For certain processing operations (in particular for commercial prospecting), your explicit consent is required. Information to this effect will be included on the collection form. You can withdraw your consent at any time without affecting your relationship with Attijariwafa bank Europe.
You can exercise these rights by sending a letter to Attijariwafa bank Europe at the following address: 6-8 rue Chauchat F-75009 Paris, or by sending an email to the following address firstname.lastname@example.org.
Attijariwafa bank Europe undertakes to respond to requests to exercise your rights within the applicable legal deadlines, i.e. 1 month.
You also have the right to lodge a complaint with the National Commission for Computing and Liberties (www.cnil.fr).
Attijariwafa bank Europe has initiated a governance process concerning data protection
All Attijariwafa bank Europe staff have been made aware of the best practices applicable to the handling of personal data.
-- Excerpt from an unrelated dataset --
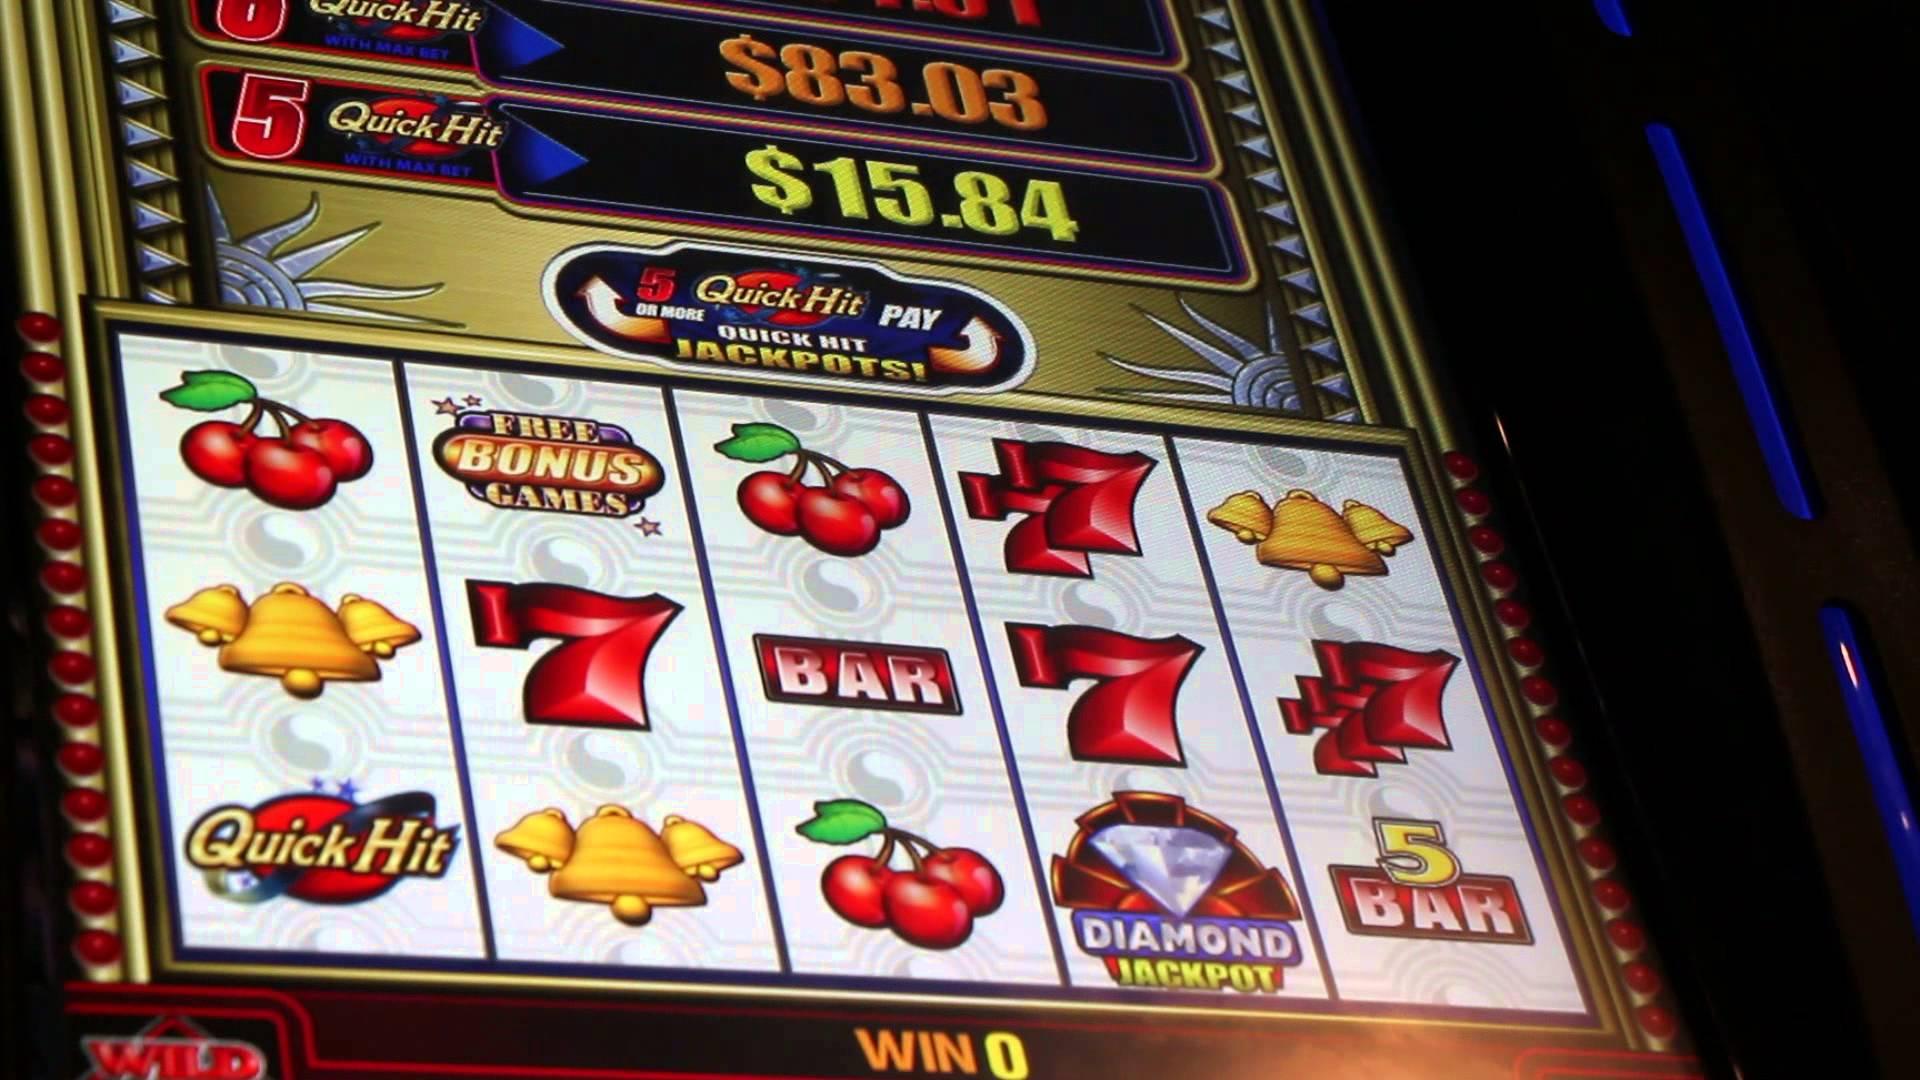 Us 888 casino

All data are processed with the greatest respect for your privacy.
Attijariwafa bank Europe has appointed a Data Protection Officer (the bank’s main compliance officer), who took up the position on 25 May 2018, and who can be reached at the following address: email@example.com.
Legal framework applying to the protection of personal data
- Law No. 78-17 of 6 January 1978 relating to data processing, files and freedoms.
- European Regulation No. 2016/679 of the European Parliament and of the Council of 27 April 2016.